Phantom is an autonomous AI co-worker that runs as a persistent Bun process on a VM. It wraps the Claude Agent SDK (Opus 4.6), maintains vector-backed memory across sessions, rewrites its own configuration through a validated self-evolution engine, communicates via Slack/Telegram/Email/Webhook, and exposes all capabilities as an MCP server. 27,000+ lines of TypeScript, 822 tests, v0.18.2. Apache 2.0, repo at ghostwright/phantom.
| Layer | Technology |
|---|---|
| Runtime | Bun (TypeScript-native, built-in SQLite, no bundler) |
| Agent | Claude Agent SDK (@anthropic-ai/claude-agent-sdk) with Opus 4.6, 1M context |
| Memory | Qdrant (vector DB, Docker) + Ollama (nomic-embed-text, local embeddings) |
| State | SQLite via Bun (sessions, tasks, metrics, evolution versions, scheduled jobs) |
| Channels | Slack (Socket Mode, primary), Telegram (long polling), Email (IMAP/SMTP), Webhook (HMAC-SHA256), CLI |
| Web UI | Tailwind v4 Browser CDN + DaisyUI v5, static files from public/ |
| MCP | Streamable HTTP on /mcp, bearer token auth, 17+ tools |
| Infrastructure | Docker (compose), Specter VMs (Hetzner), systemd (bare metal) |
| Lint/Format | Biome |
| Test | bun:test |
TypeScript is plumbing. The Agent SDK is the brain.

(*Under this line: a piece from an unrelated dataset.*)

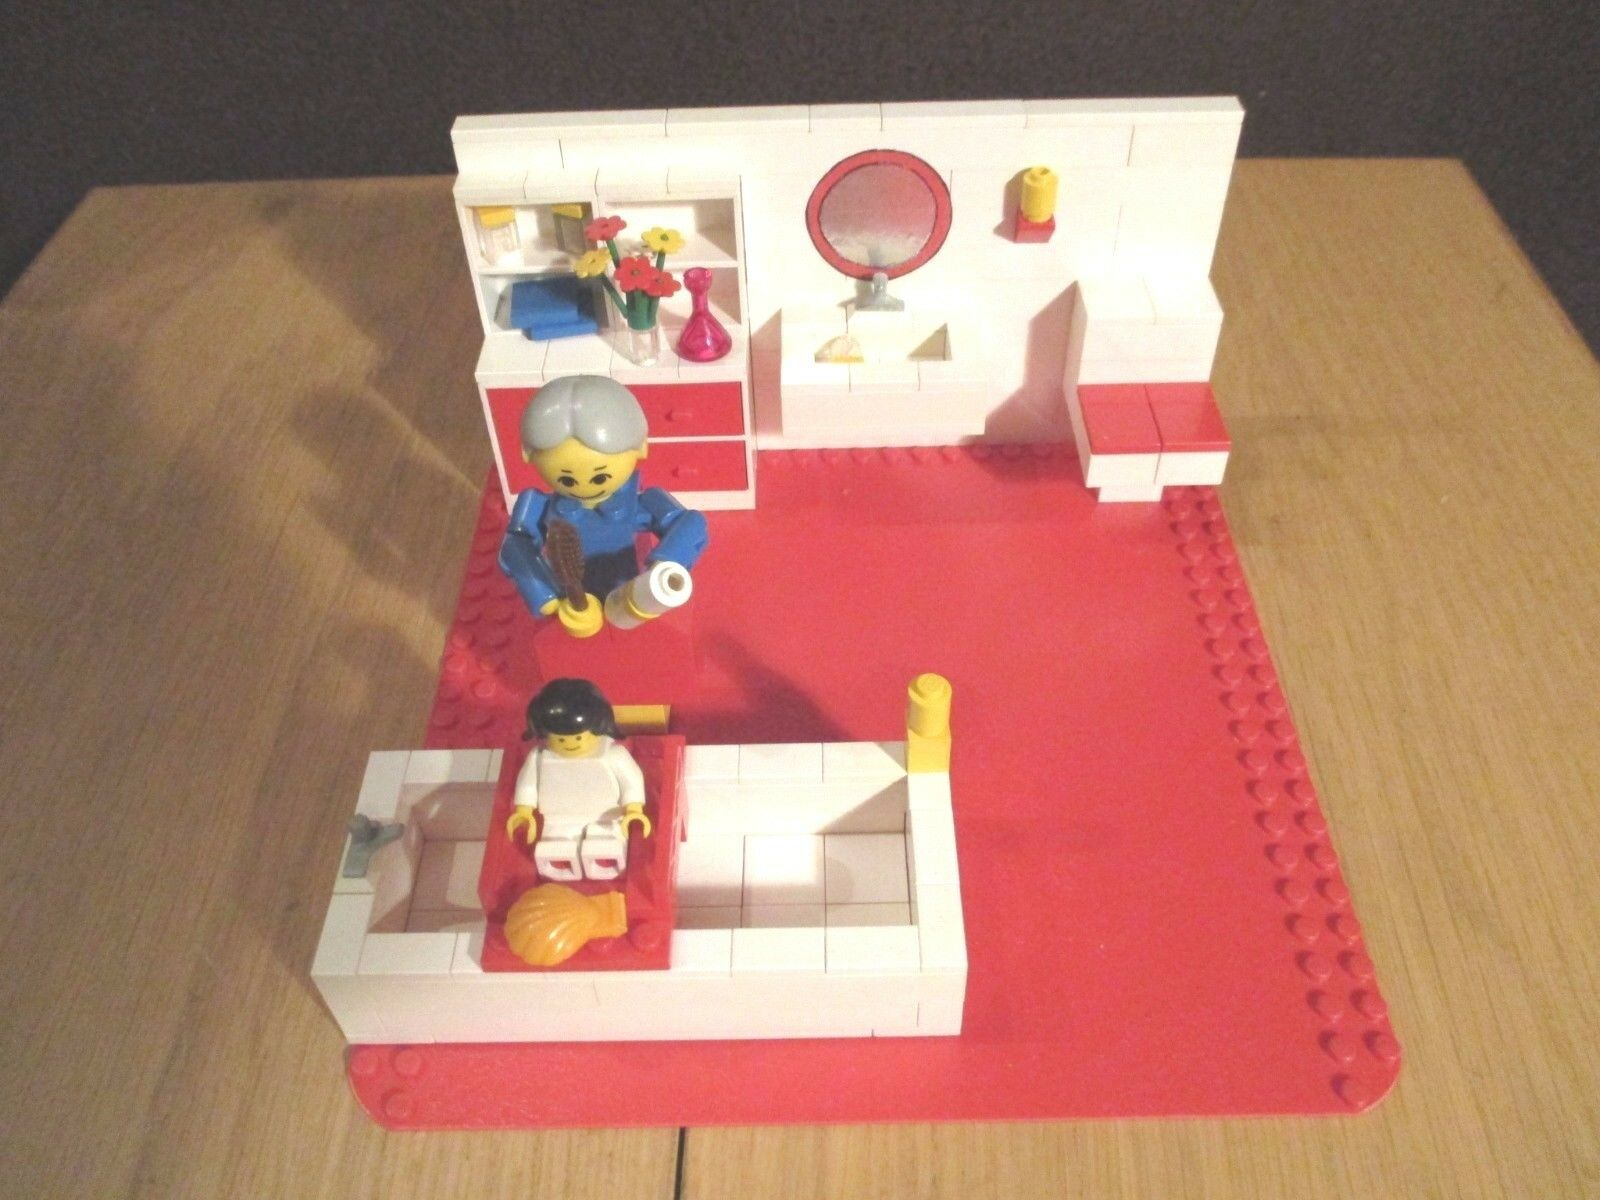 Lego - Homemaker - Badezimmer aus den 70 er Jahren

The Agent SDK (Opus 4.6) has full computer access: Read, Write, Edit, Bash, Glob, Grep, WebSearch, Agent tools. It can understand natural language, read code, explore repos, detect tech stacks, clone repos, install packages, write configs, and reason about anything.
TypeScript handles: starting processes, routing messages, managing sessions, storing data, serving HTTP endpoints, tracking state. Mechanical, deterministic work.
If you find yourself writing a function that does something the agent can do better - STOP. Write a prompt instead.
Anti-patterns (never do these):
detectJsFrameworks()- the agent reads package.json and knowsparseRepoUrls()with regex - the agent understands natural languageclassifyUserIntent()- the agent understands contextextractFactsFromText()as regex - use LLM judges (already built)- Structured question state machines - the agent has natural conversations
- Hardcoded detection of languages/databases/tools - the agent reads code
The only exception: heuristic fallbacks for when the LLM is unavailable (API down). These are clearly marked with "HEURISTIC FALLBACK" comments in the codebase.
bun install # Install dependencies
bun test # Run 770 tests
bun run src/index.ts # Start the server
bun run src/cli/main.ts init --yes # Initialize config (reads env vars)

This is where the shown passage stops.